TASK BRIEF:
From the first line to the last, give the records again exactly and skip the pictures.

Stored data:
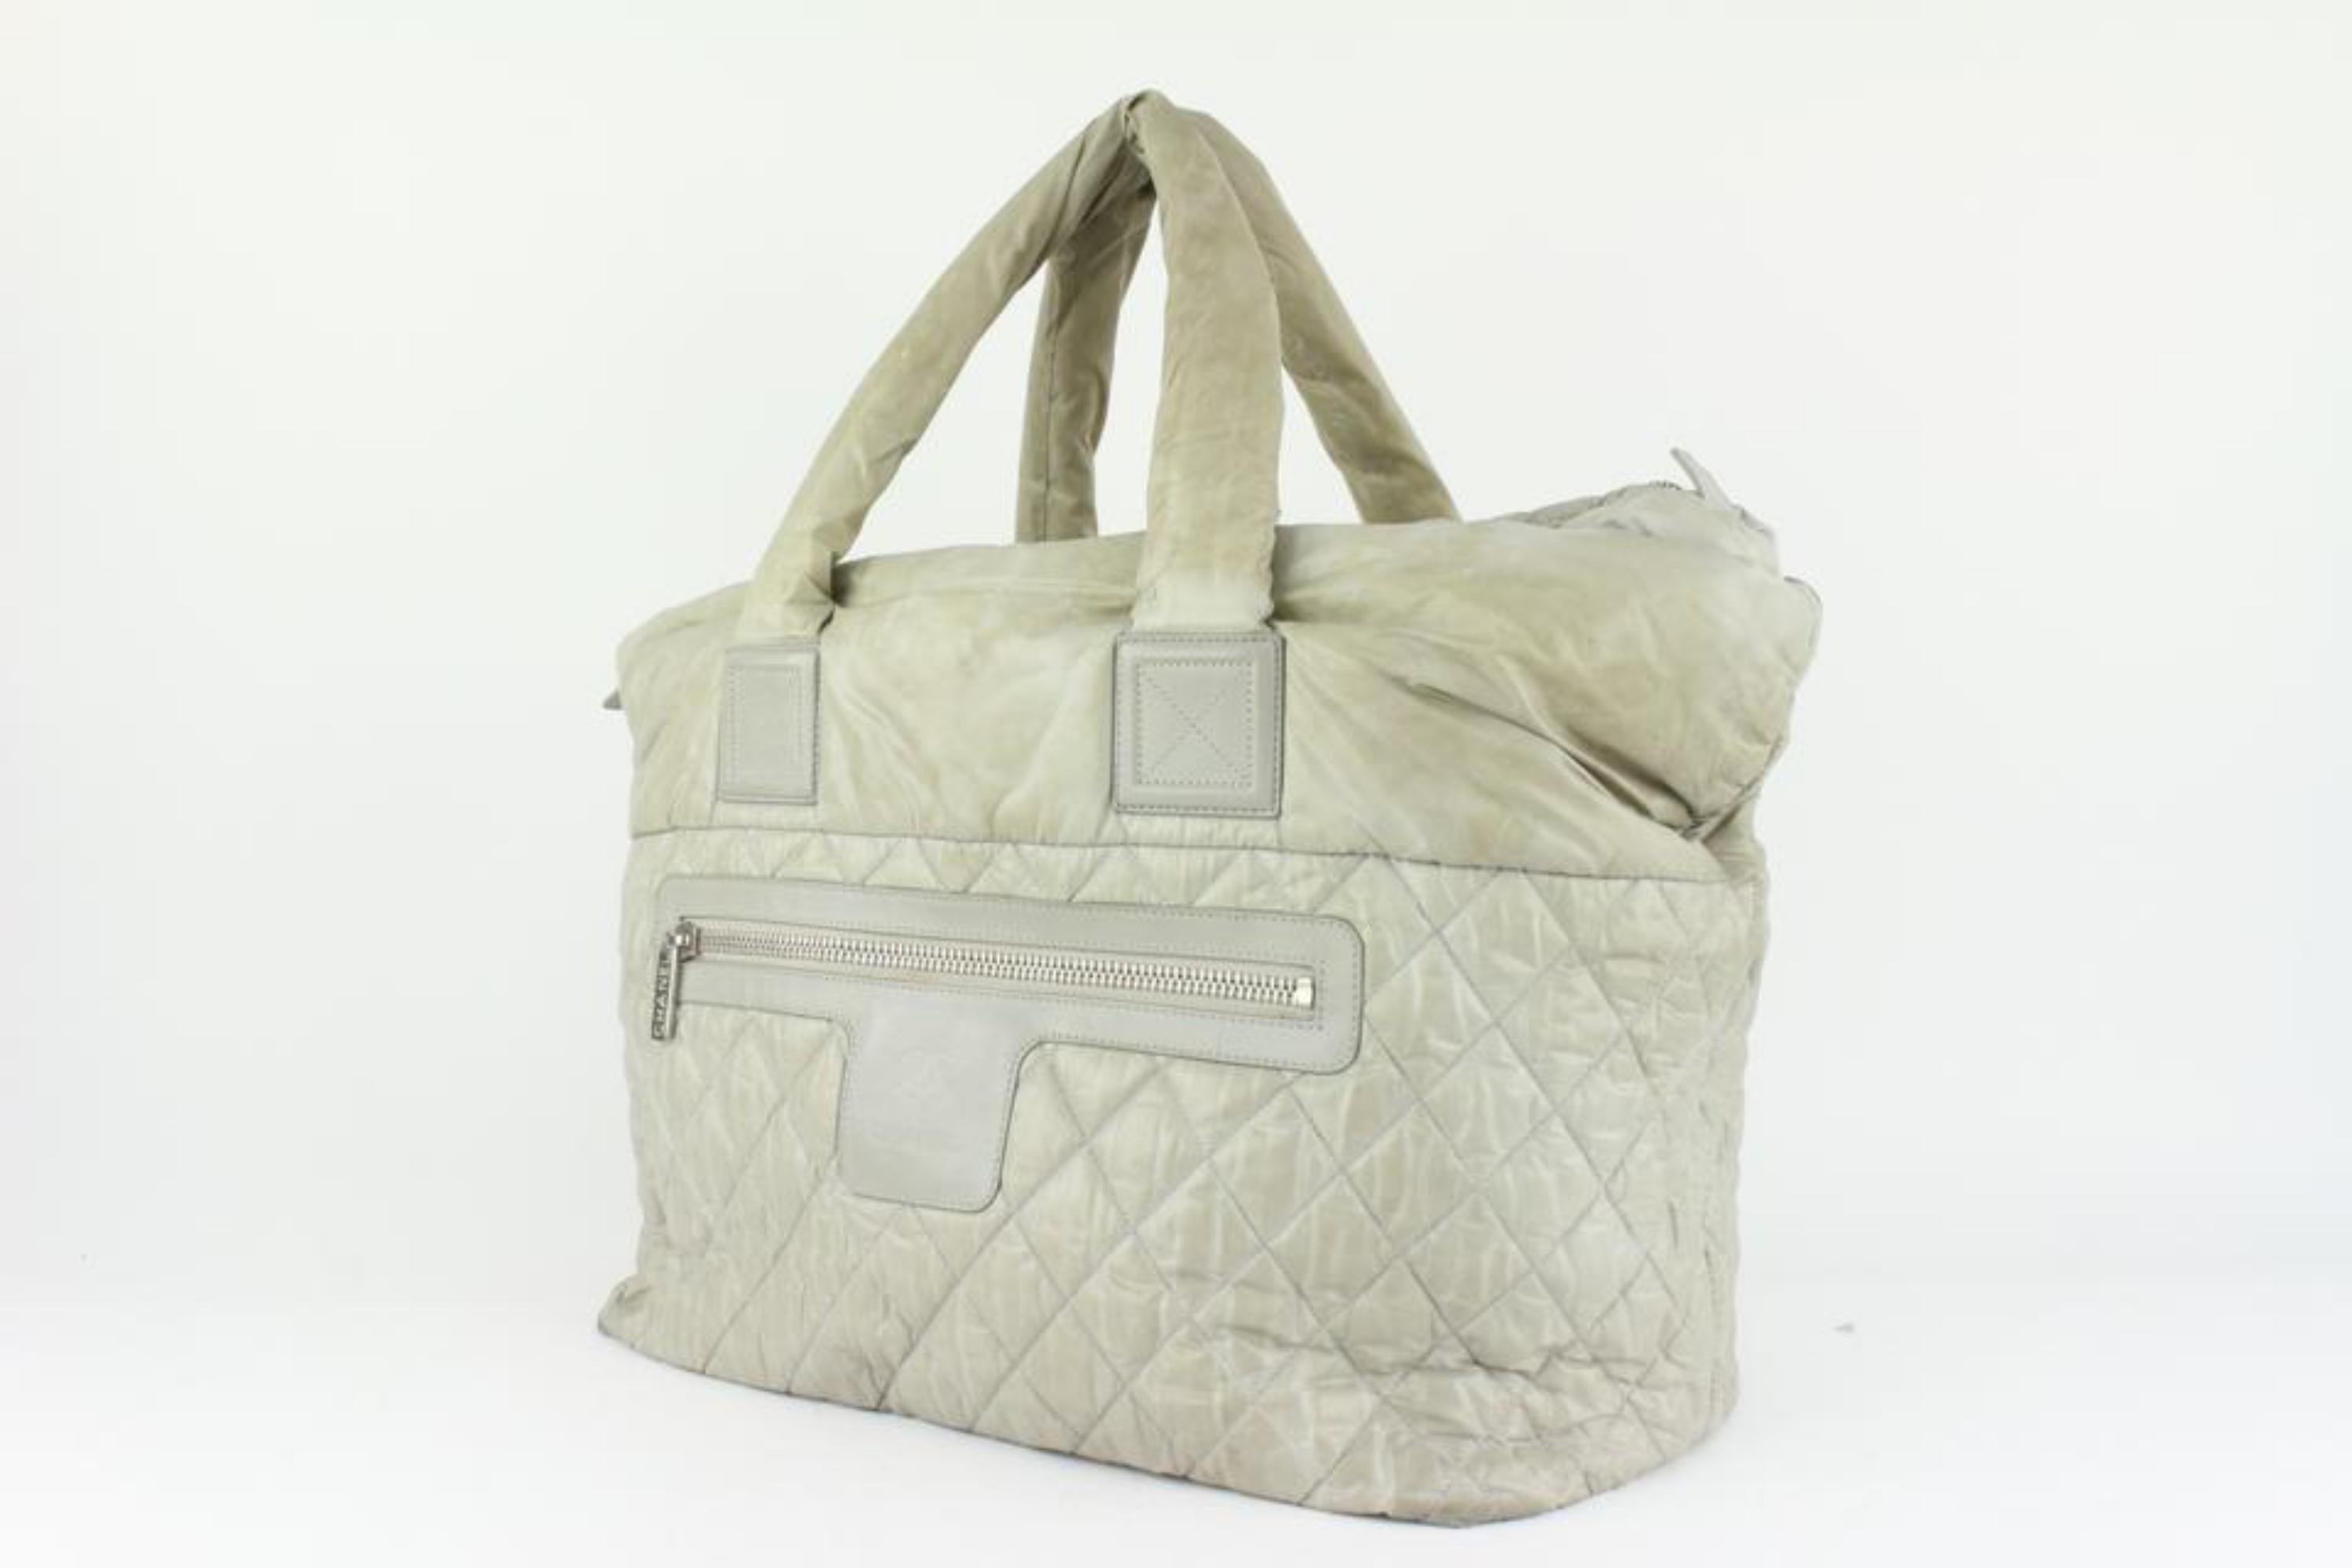 Chanel Grey Quilted Nylon Cocoon Tote Bag 1115c8
Date Code/Serial Number: 13938375
Made In: Italy
Measurements: Length:  20
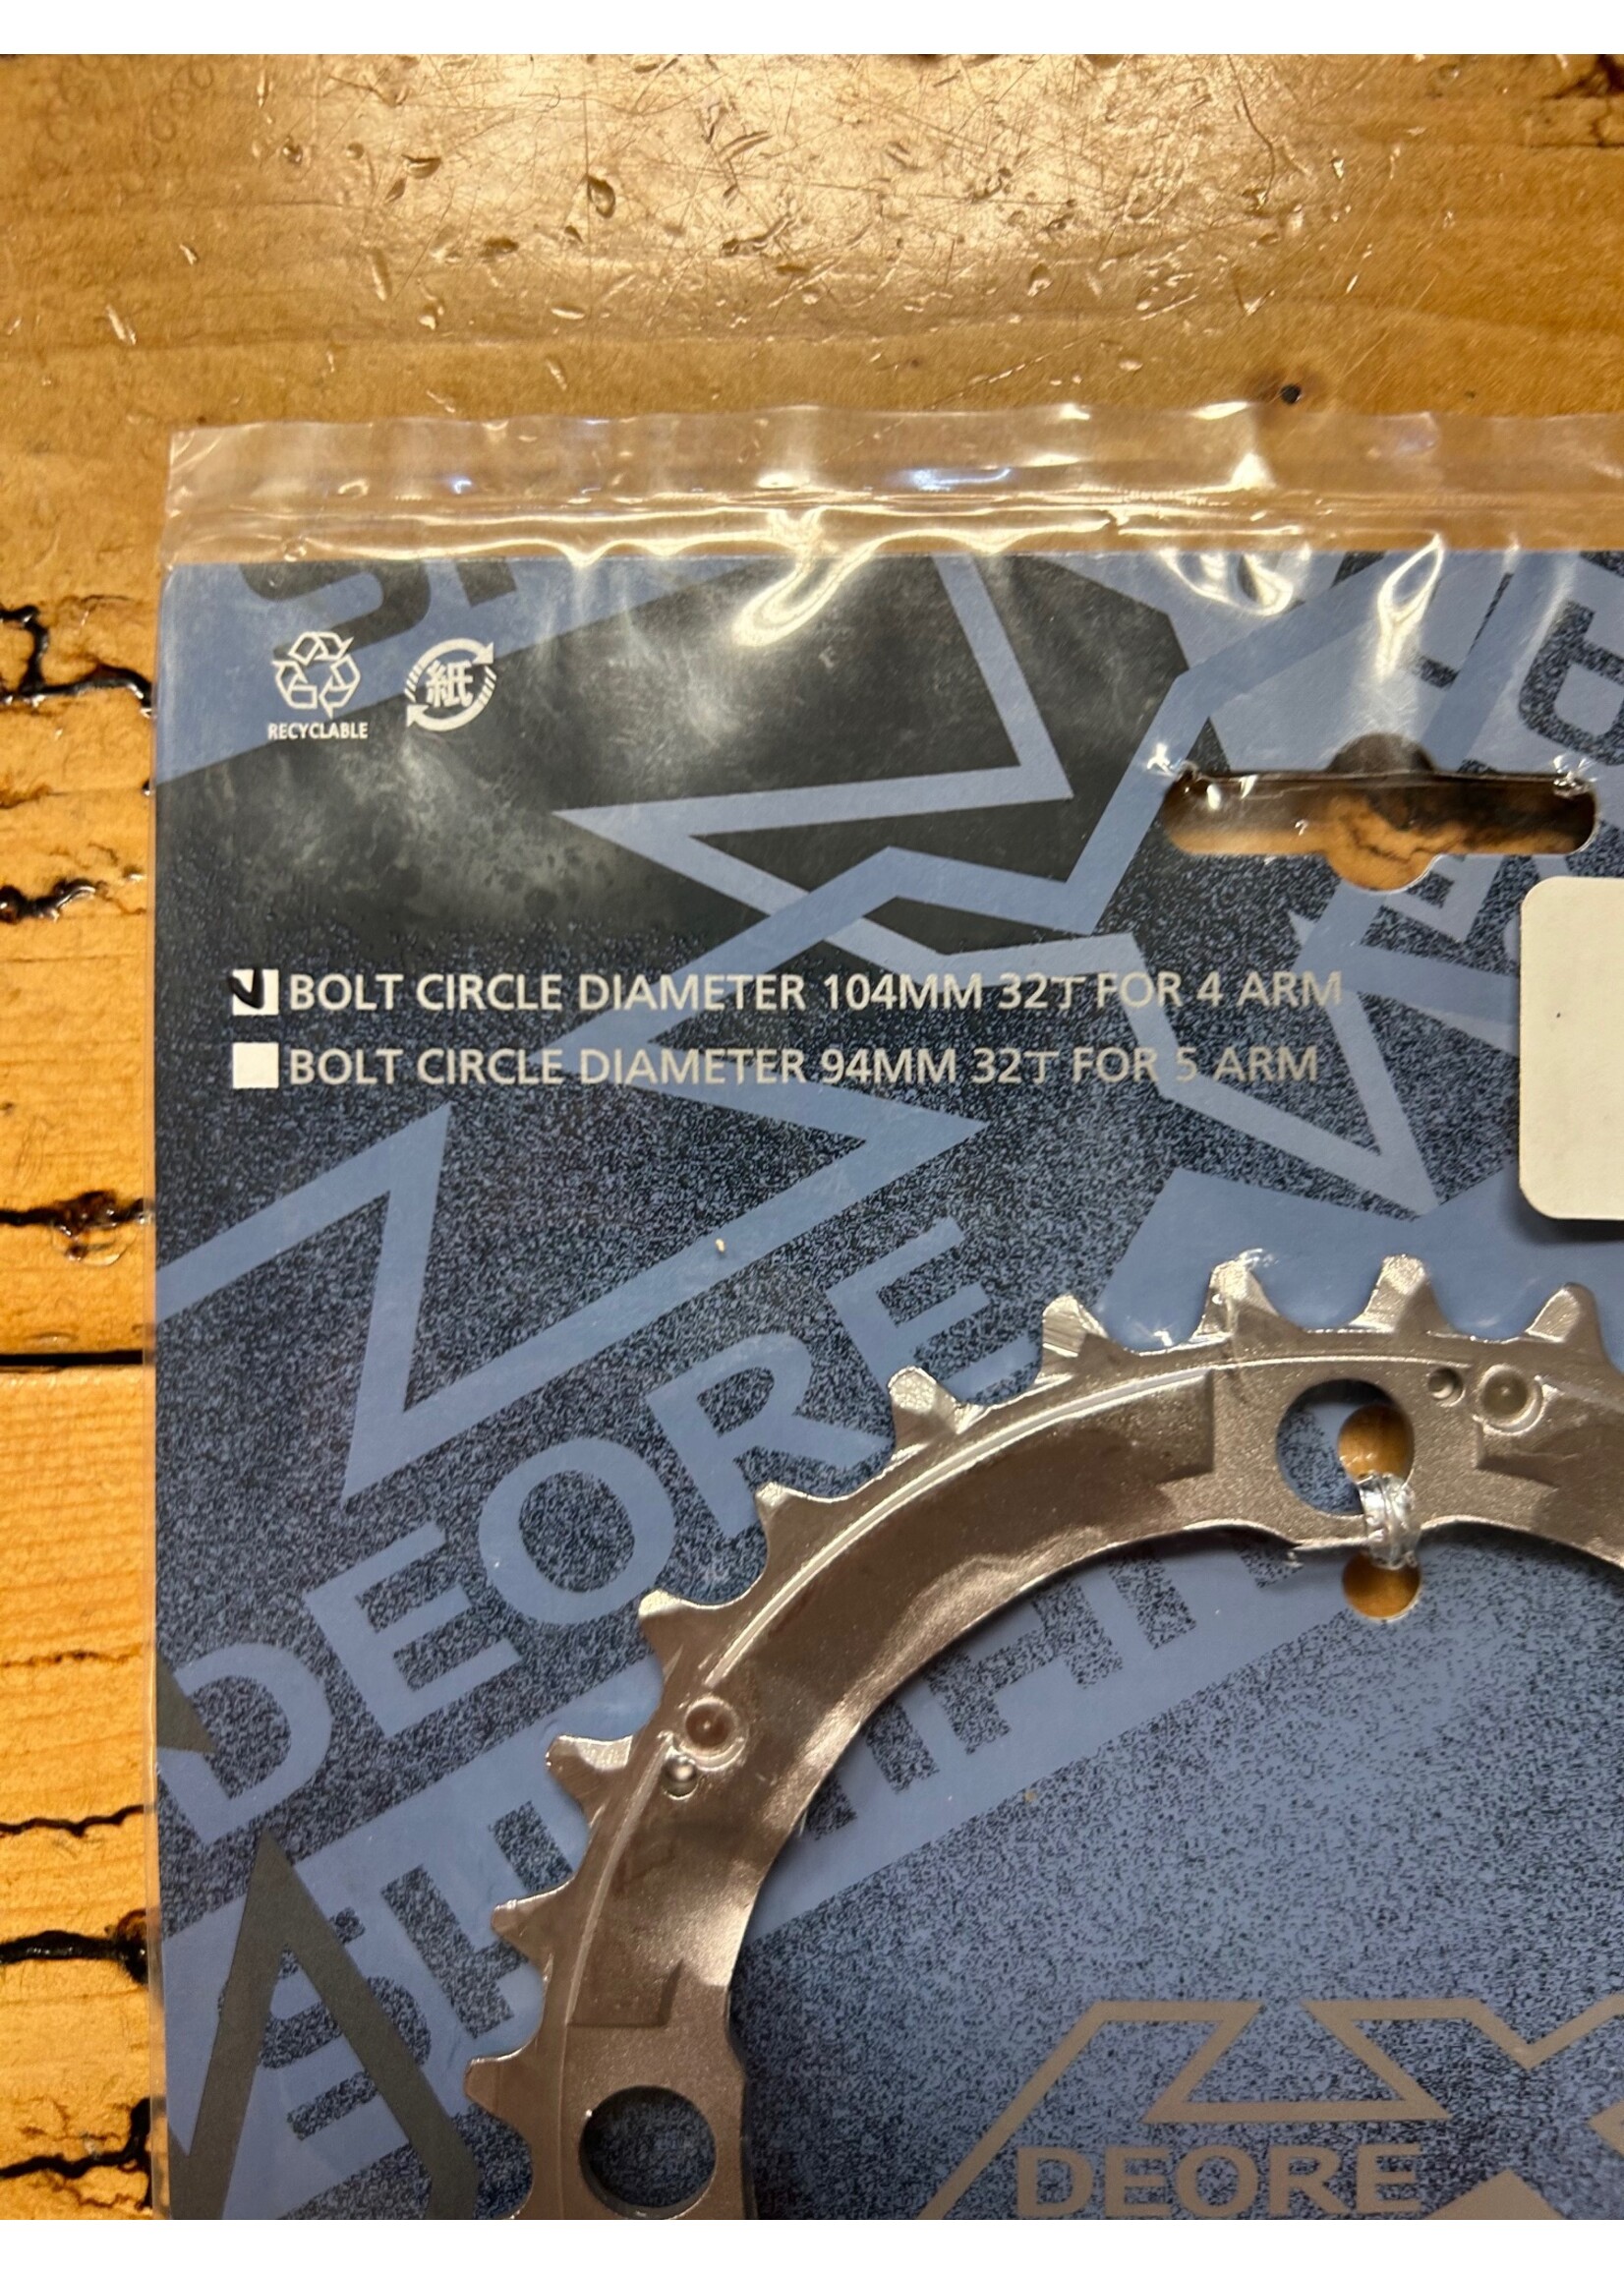 SHIMANO Shimano Deore LX 32 Tooth 104 BCD 9 Speed Chainring NOS

REPLY TO THE TASK:
 Chanel Grey Quilted Nylon Cocoon Tote Bag 1115c8
Date Code/Serial Number: 13938375
Made In: Italy
Measurements: Length:  20
 SHIMANO Shimano Deore LX 32 Tooth 104 BCD 9 Speed Chainring NOS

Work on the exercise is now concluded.